Work task: Using the data below, output a verbatim copy of the lines between the one holding "Vegan Leather Pin Tuck Waist Dress in Ivory" and the one holding "Cranesville Swamp Extra Dark Roast", inclusive, without any pictures.
*** Opening of Input records ***
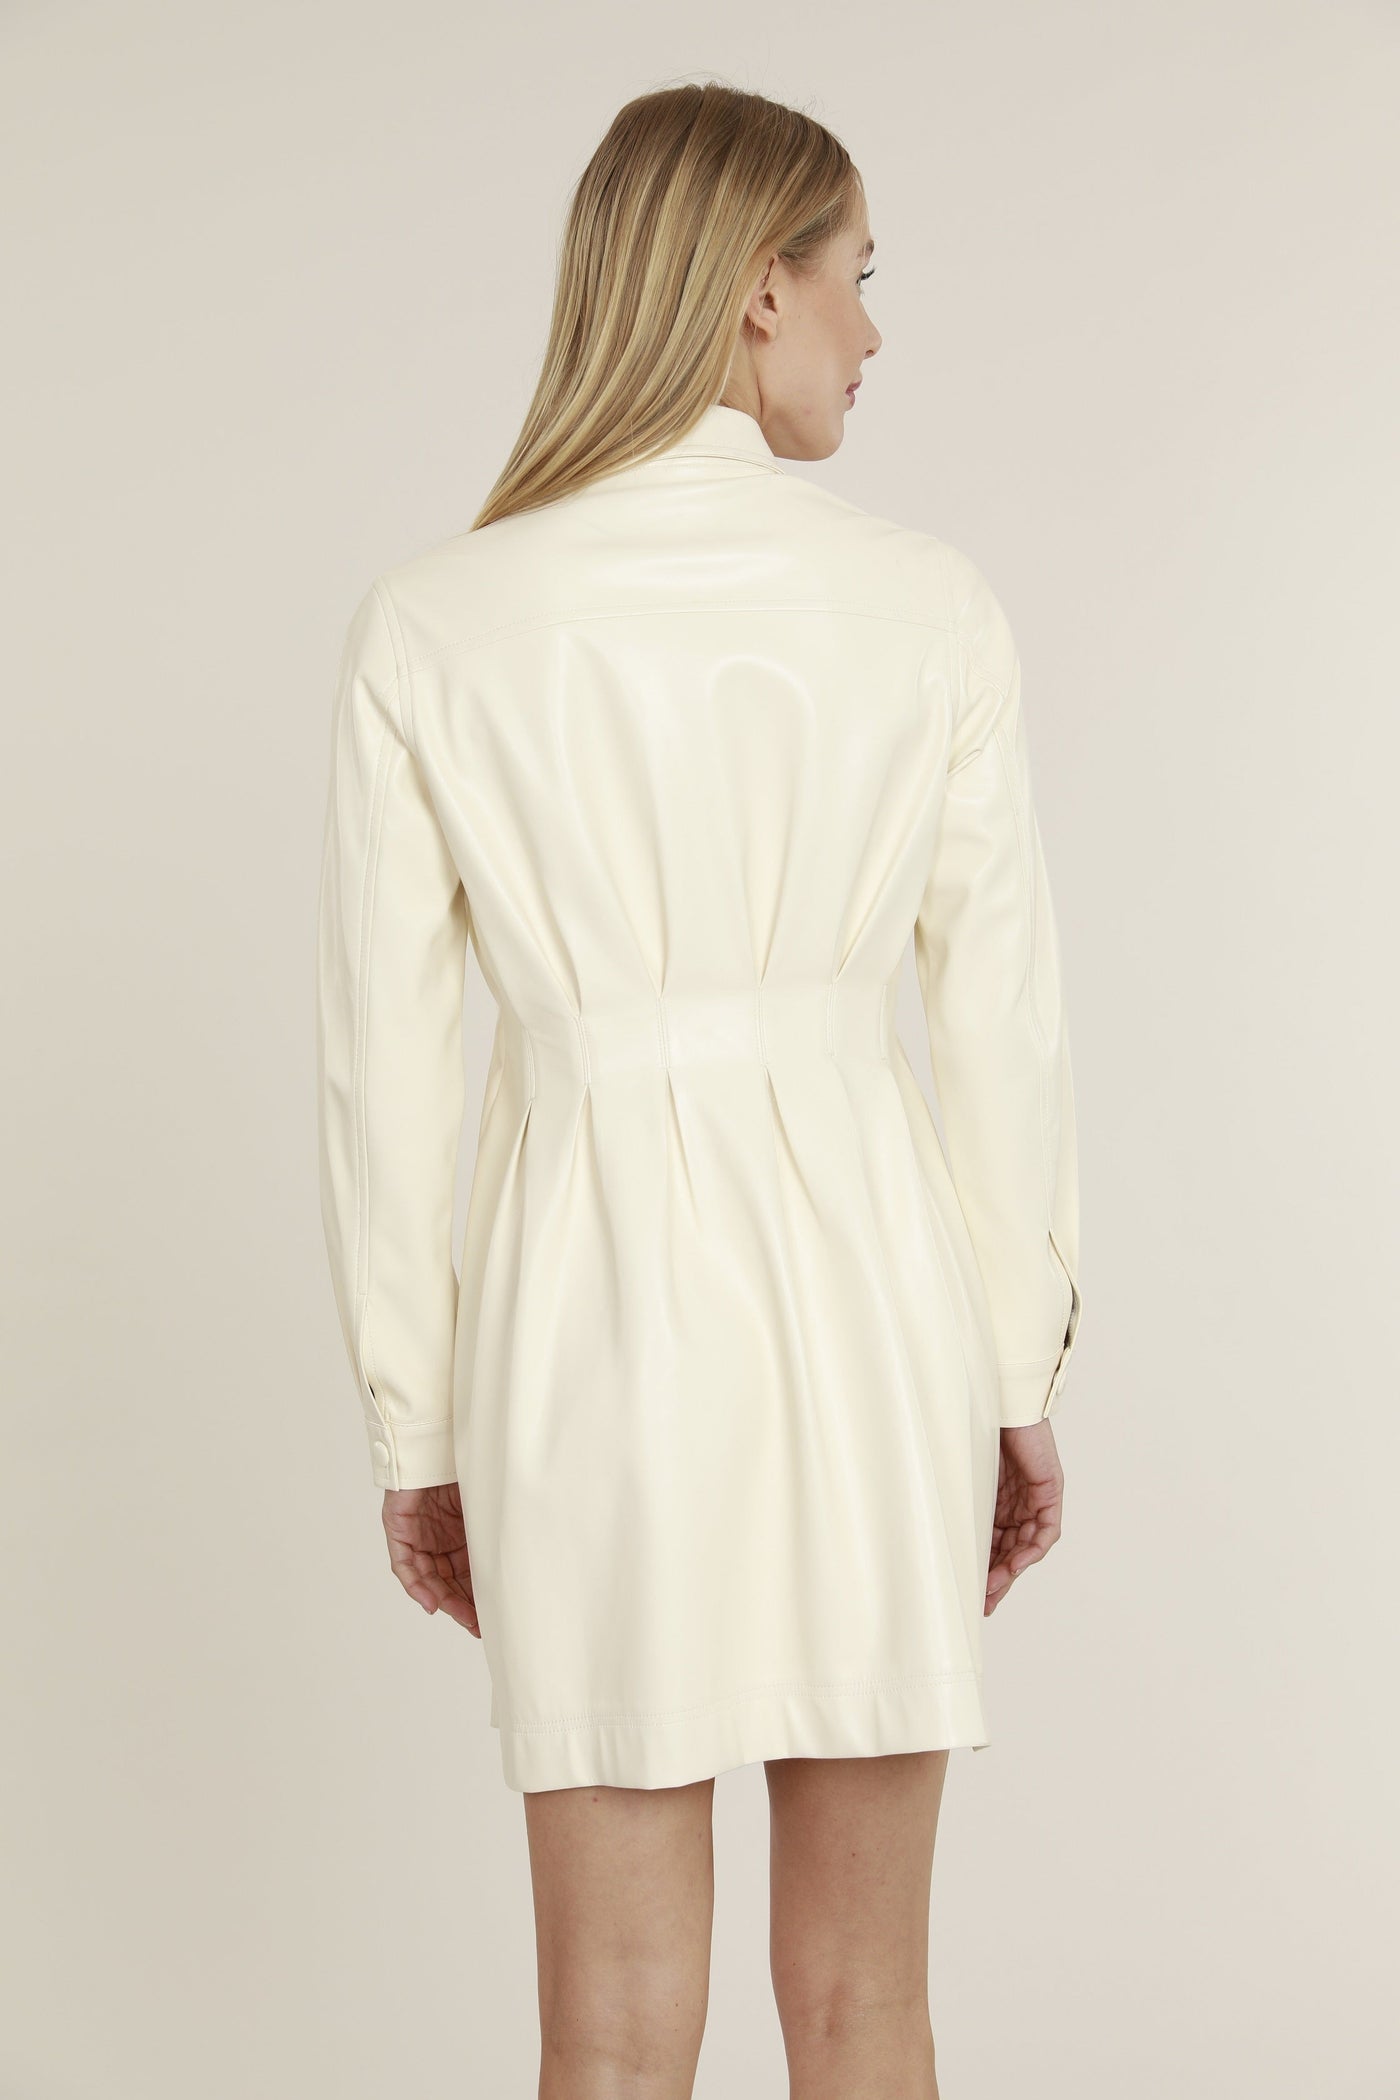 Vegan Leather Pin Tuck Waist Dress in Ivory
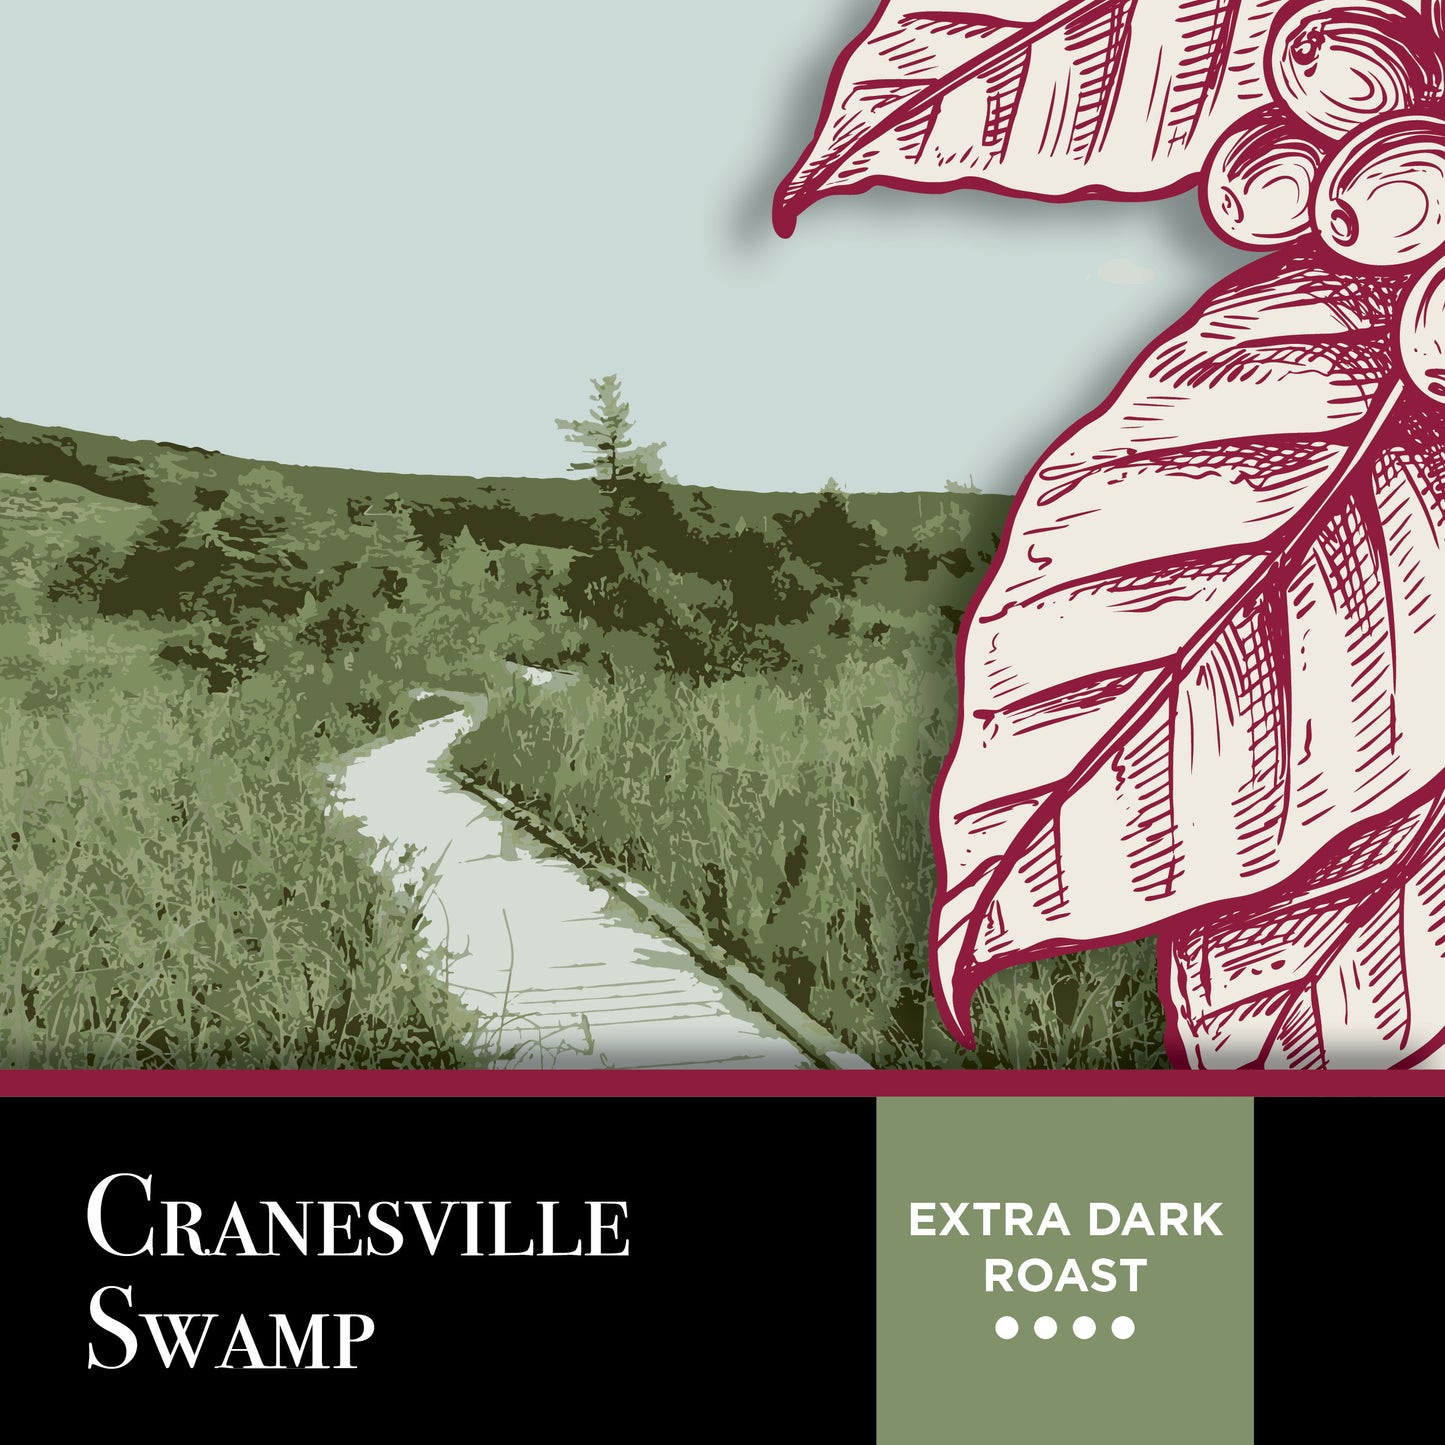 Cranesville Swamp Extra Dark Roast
*** Close of Input records ***
*** Opening of Input records ***
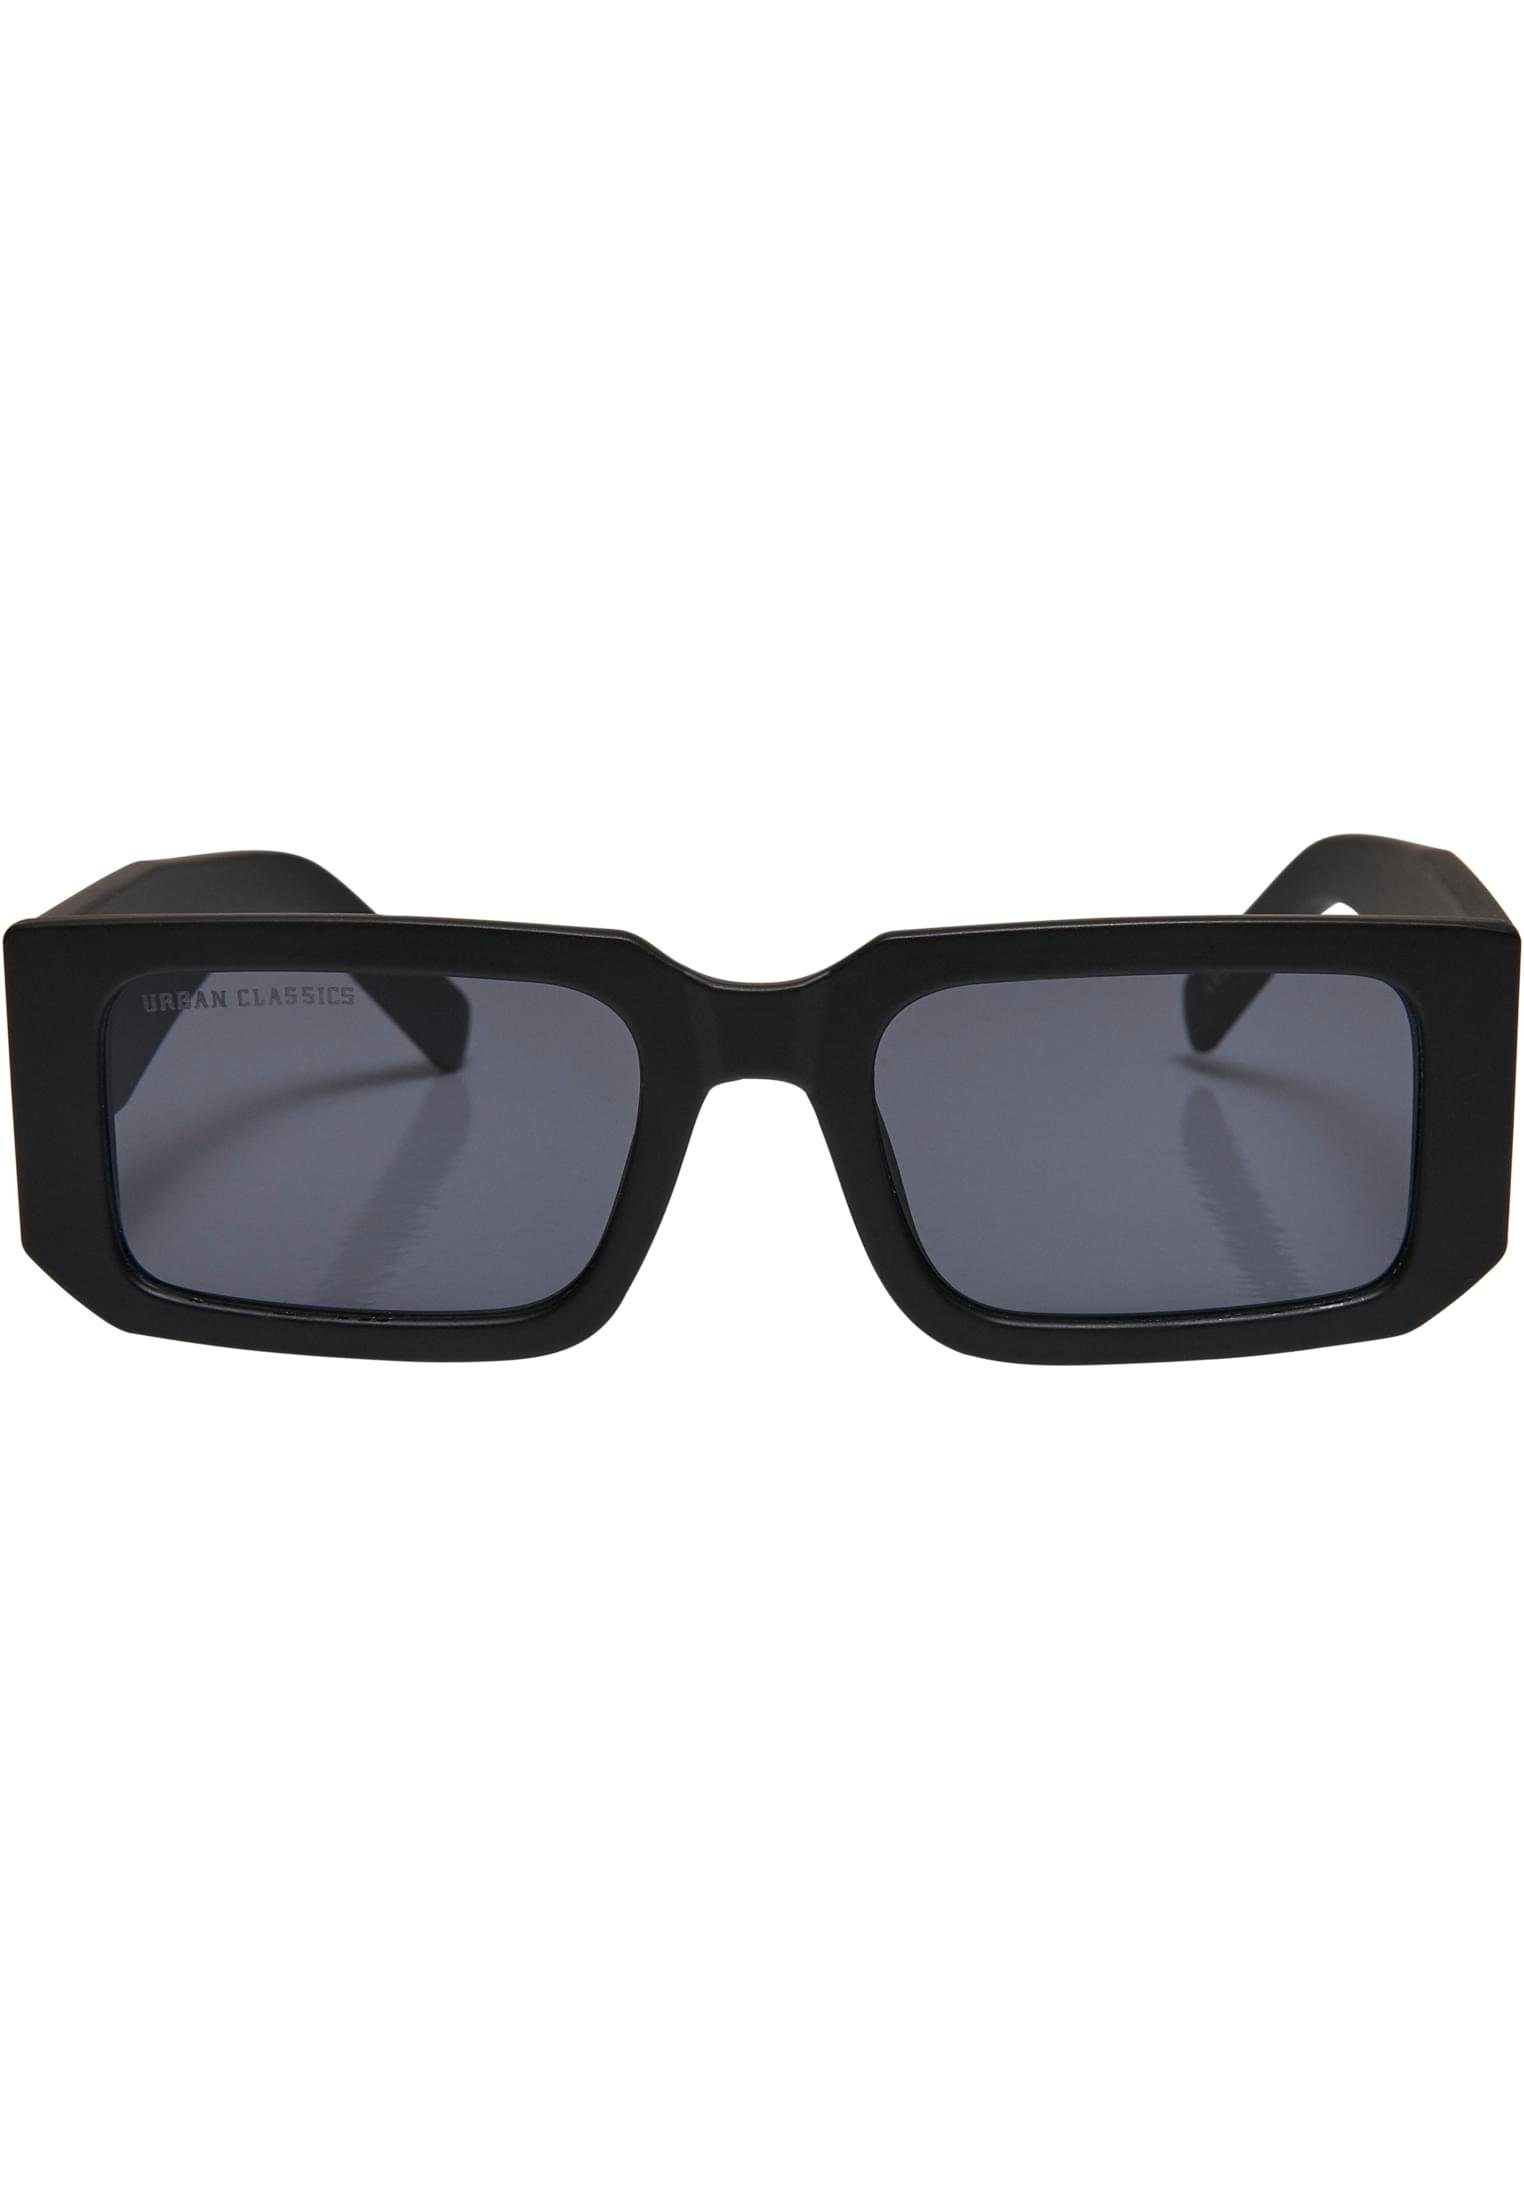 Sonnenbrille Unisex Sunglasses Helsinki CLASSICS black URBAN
*** Close of Input records ***
Written solution:
 Vegan Leather Pin Tuck Waist Dress in Ivory
 Cranesville Swamp Extra Dark Roast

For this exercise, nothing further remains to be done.